Currently viewing the category: "dog acl tear"

So it has been almost a year since we last posted on buddy’s recovery! A lot has happened in a year and we knew we needed to update everyone on how he is doing. When we last posted a year ago he was showing improvement and back playing. We did have a little set back about 6 months ago when we went out of town and forgot the brace at home. We had taken Buddy with us to our lake house and meant to bring the brace to keep on him anytime he was walking or playing. We have been using the brace for when Buddy will be very active and until that point he had not been without it. So we hoped that he would not play too hard but we were wrong! He was running on the beach and in the water and was playing with another dog and all of a sudden he came back limping. I was so aggravated that we had forgotten the brace one time and then he had to hurt himself.
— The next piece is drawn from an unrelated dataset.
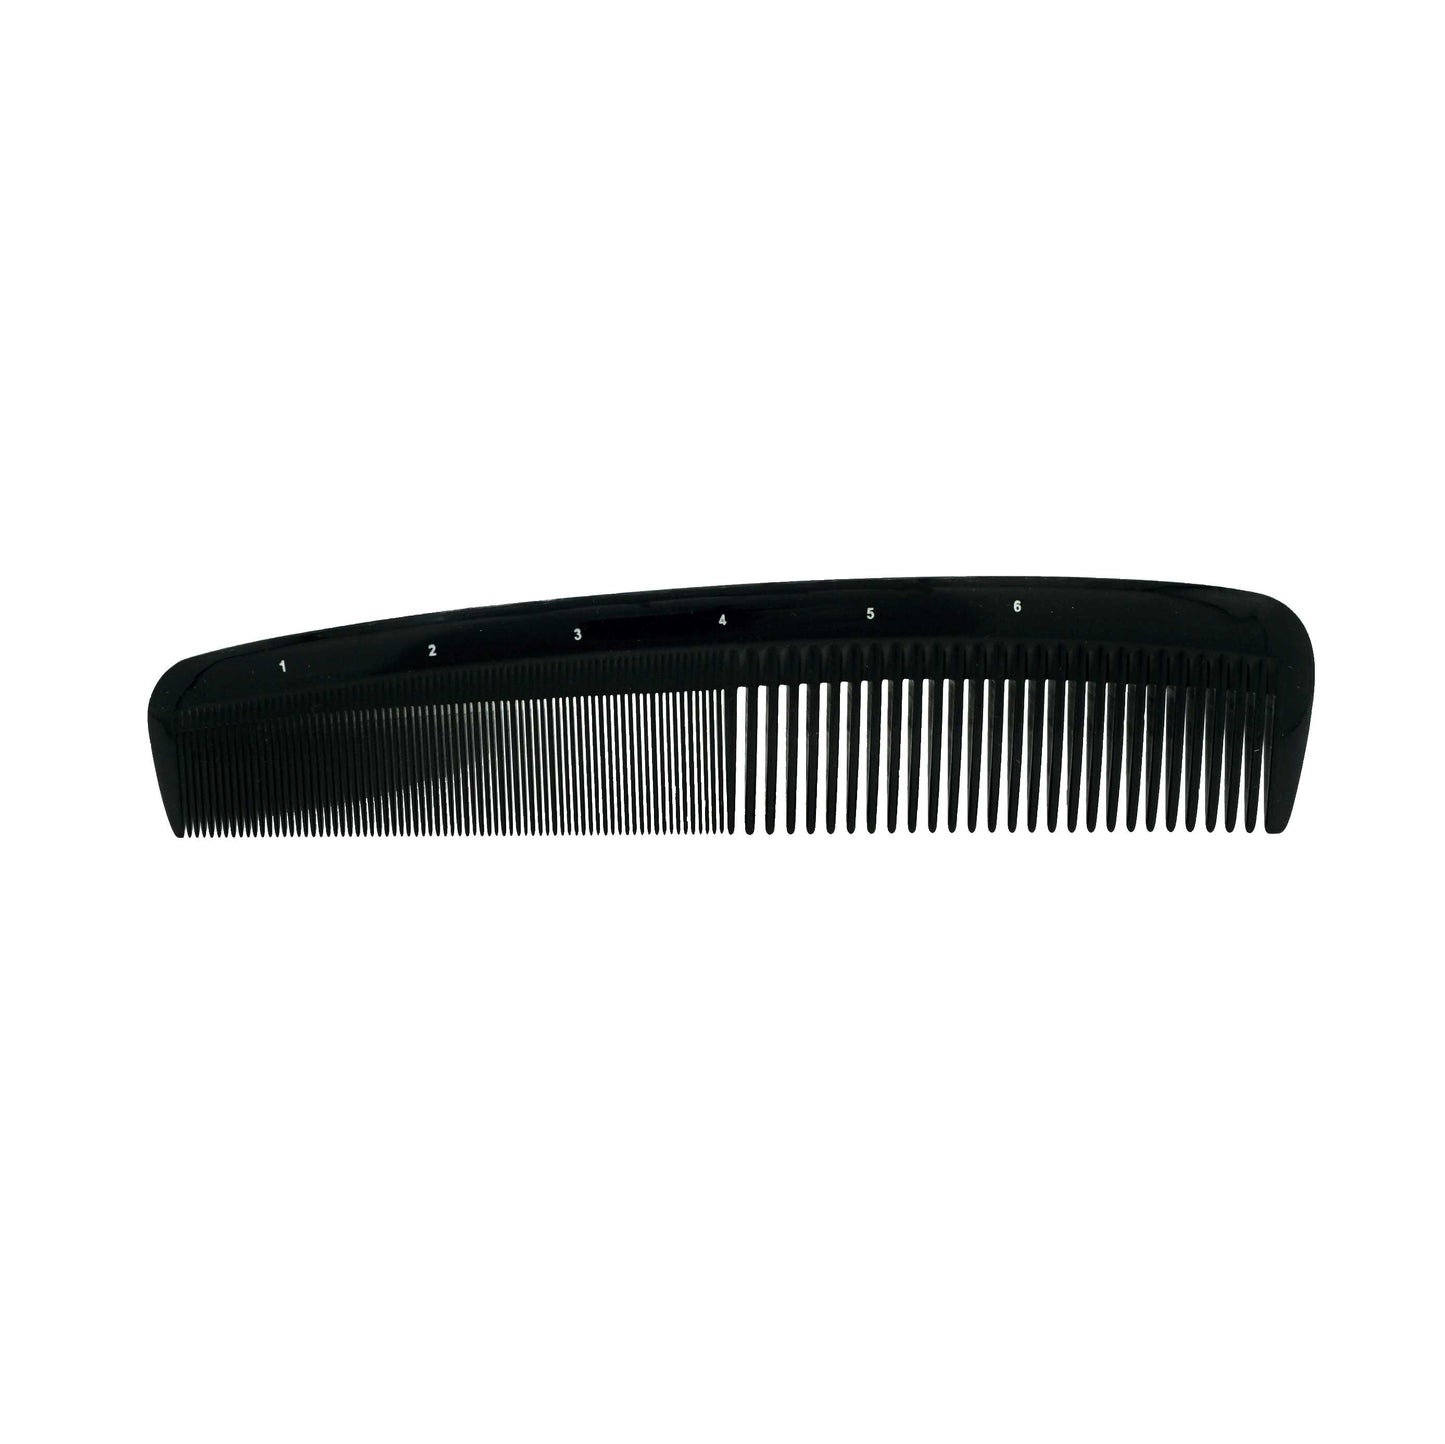 Pegasus 608, 8in Hard Rubber Heavy Styling Comb w Course/Extra Fine Teeth, Smooth Edges, Anti Static, Heat and Chemically Resistant, Portable Pocket Purse Dresser Comb | Peines de goma dura - Black

So we got back home and right away back into the brace Buddy went. We started just like in the beginning with the stiff rods and kept him in it 24/7 with just a little short break every 2 days. We were amazed to see that even the second time around within a few days he was back to bearing weight again and walking better. We kept up with the protocol and were patient. The second time it did take longer for the same progress as the first time but we saw improvement. After, 10 weeks of being in the brace he was almost back to where we had him again. We decided this time to keep him in it a little longer, so we added two more weeks for a total of 12 weeks. It has now been about 3 months since then and he is doing great again. We keep the brace for anytime he will be active and never again do we forget it when we take him somewhere or on a trip! I was so surprised and relieved that the brace not only helped us not once but twice and we are not going to push our luck with a third time. We also know that it has been a year and we still have not had his other leg become injured, which happens in so many cases with this injury. I believe strongly that this brace played a big role in that and I am so thankful for it. So for now Buddy and the family are happy again and we hopefully will not have any new excitement to tell you about.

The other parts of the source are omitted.